We will export this worksheet and save it as a .txt file.
The clean data file just containing the tweets is ready to be analyzed for sentiment in SentiStrength.
Sentiment Analysis with SentiStrength
Download program and zip file SentiStrength_Data.zip from http://sentistrength.wlv.a.uk/
Fill in the fields above with your name, email, and organization. You will be prompted to save the zip file on your computer. Save it in a new folder on your computer.
Unzip SentiStrength_Data.zip, then start SentiStrength.exe and point to the unzipped SentiStrength_Data folder.
Click on the .exe file and launch SentiStrength. As you will notice, the most recent version is 2.3
Explore the top menus. “Sentiment Strength Analysis” gives a list of options regarding the type of analysis that can be done. The following screenshot depicts the “Sentiment Analysis Options” which allows you to choose how you want your analysis to be done.
For this tutorial, we will be selecting “Analyse All Texts in File (each line separately)”. This is because our data file in .txt format contains all tweets in separate lines.
We can leave the default options selected.
From the “Sentiment Strength Analysis” menu, we will be selecting “Analyse All Texts in File (each line separately)”. You will be prompted to choose the data file. Select the clean data file in .txt format.
SentiStrength will now analyze the data and prompt to save a data file in which the sentiment has been performed (the file name will have “+results”).

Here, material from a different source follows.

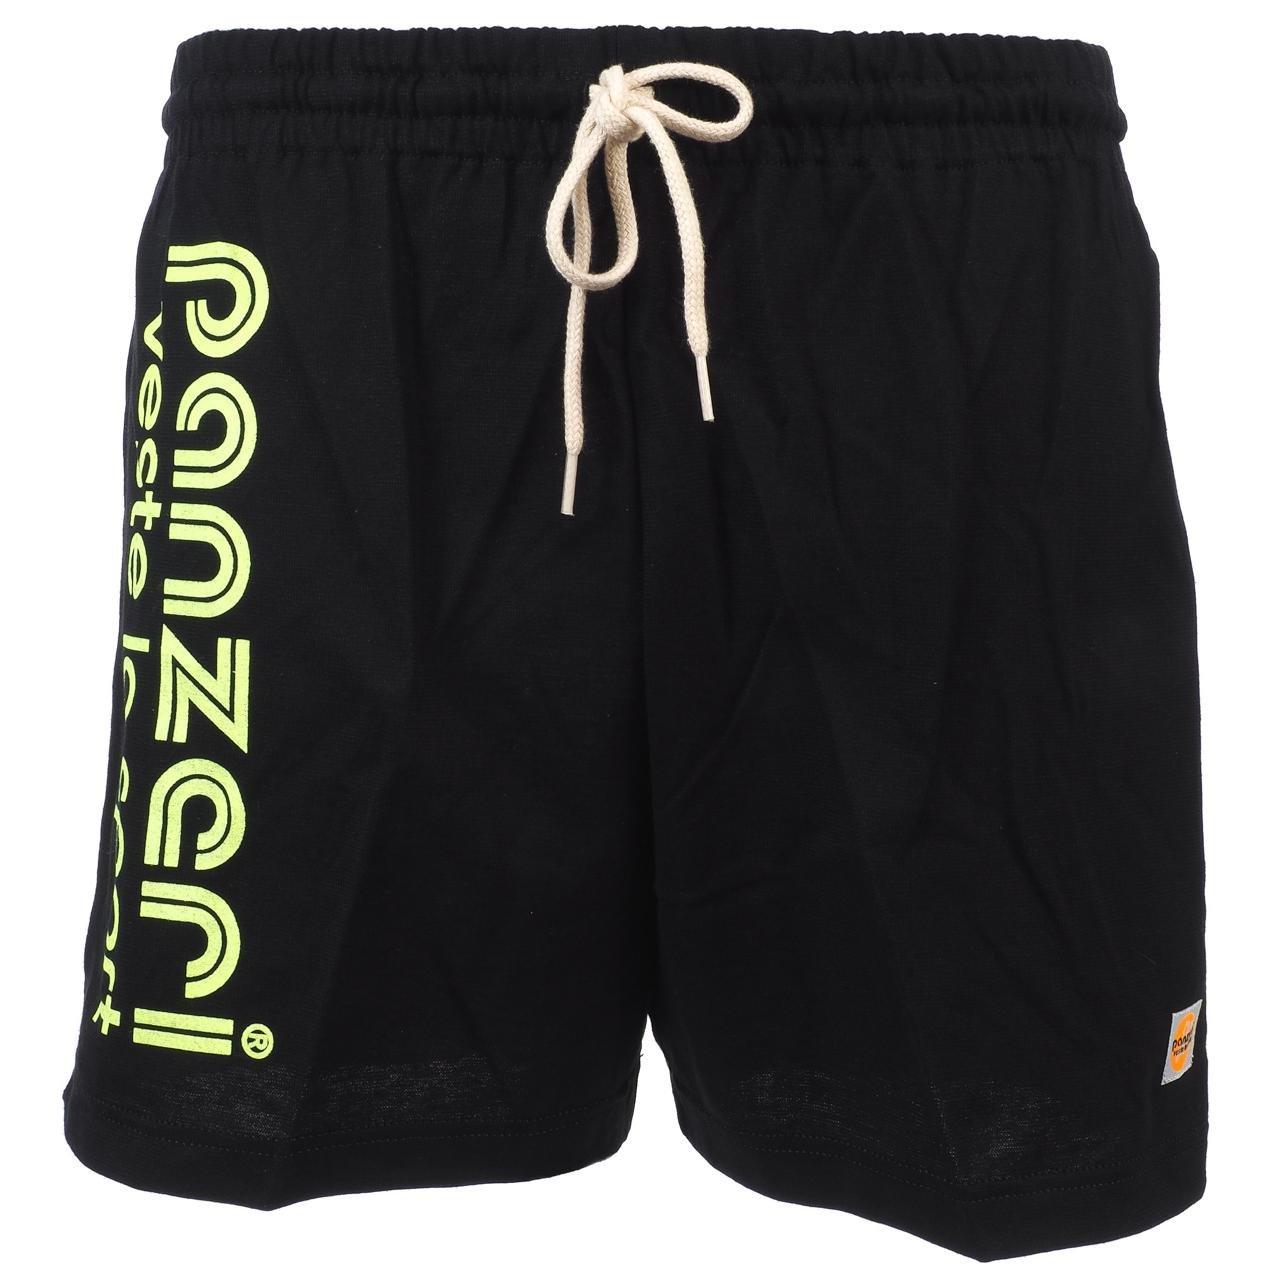 PANZERI - Uni a Noir FL jne Jersey - Shorts Multisports

This new file is in .txt format and now has to be imported in Excel so that the analysis can be understood.
Excel has a text import wizard which works when you try to open a .txt file.
You will see a sentiment column for negative and positive. There is also a column for emotion rationale which provides the sentiment score next to each word in the tweet.
The final step is to visualize the overall sentiment by creating a new worksheet with the two sentiment columns. While selecting the sentiment columns, click on “Insert” and then select a “Column” chart to create a chart.
You can create even better visualizations using Excel. As you can see in the above depiction, a simple column chart gives a general idea about the overall sentiment from this dataset.